Monday, March 28

awfulizing

hi baby,

it broke my heart to learn that tiny babies cry while they're still in their mommy's tummy.  soundlessly, because you have no air, but the movements and brainwaves are the same as a baby crying earthside.  you are growing so quickly -- does it hurt?  is that what makes you cry?  I wish more than anything I could keep you from hurting or crying, but like it always does, life brutally reminded me this past week that pain and crying are necessary for all of us to grow and change.
--- 
I can always tell when I'm growing.  Not literal growing, although I'm doing a lot of that too lately, but figurative growing.  because it hurts, and I squirm, and I fight it, and fidget and writhe around like a pathetic little flounder, and I resist it so frantically that I start to fall apart.  change can be harsh and uncomfortable, especially when it's fast and hard. ask any teething child. or pregnant lady. :) I'm finding that the physical growth of pregnancy is nothing compared to the psychological adjustment.

and pregnancy ain't no etch-a-sketch.  this is one doodle that can't be un-did, Homeskillet. (10 points if you can name that movie.) (and not that I want to undo my doodle, just slow it way, way, wayyyyy down. haha)

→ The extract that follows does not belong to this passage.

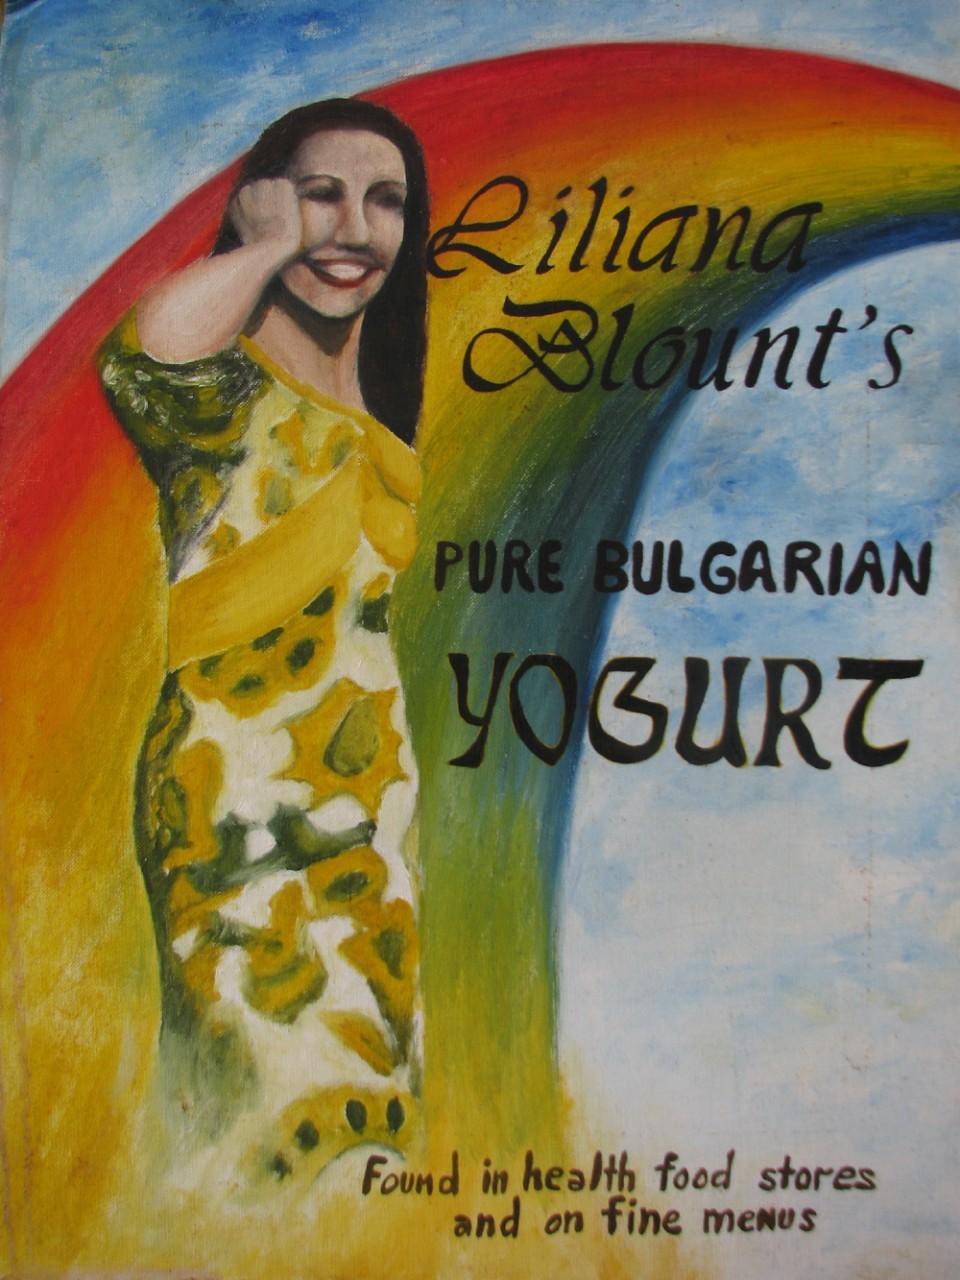 The Art of Making Bulgarian Yogurt by Liliana Blount

philip reminded me the other day to stop 'awfulizing' everything and I almost snapped back "I'm not awfulizing, I'm being realistic." but then I thought about it and our whole society tends to focus on the awful potential, and not the wonderful.  I have been totally guilty of predominantly thinking about all the barf and poop and noise and cost and inconvenience of having a baby -- I'm terrified of the post-partum period, and what having a baby might do to the relationship that I value more than anything, and I have no idea how to raise a human. But I've totally forgotten to think about the way a baby looks at you and touches your cheek while they're being rocked and fed, and I can't even begin to imagine the way my own baby might look at me. and maybe, just like pregnancy, post-partum will be completely different and not nearly as miserable as I imagine.  and I kind of feel like I project how terrible I know it's going to be to keep people from offering up unsolicited words of warning.  but we even teach our kids to awfulize the things they so look forward to, telling them to enjoy childhood now because being an adult and going to work and paying bills and driving in traffic sucks.  but does it? not really! paying bills is not any more sucky than having your parents tell you what to do all day long, and I'll take traffic any day to only being able to go as far as the end of the street.  we are taught from a young age to almost be ashamed when life is so good that you can't stop smiling about it..  that talking about how well something is going is 'bragging'  but is it, really? I think we all could use a little more loud obnoxious positivity.  I cannot wait to see philip napping on the couch with our baby on his chest, just the two of them breathing together.  It's going to be amazing to see my baby's squinting swollen perfect little eyes for the first time, or to watch him learning to walk, stumbling around with his arms out for balance like a baby-zombie, with the sweet expression his daddy has, and probably running into stuff just like I do.  I can't wait to see him get excited about something that the rest of us take for granted, like a potato bug, and then pick it up with pudgy baby fingers and put it in his slobbery mouth to see what it tastes like, wrinkling his nose when he isn't sure about potato bugs anymore.  certainly these little things will make all the figurative and literal stretching worth it.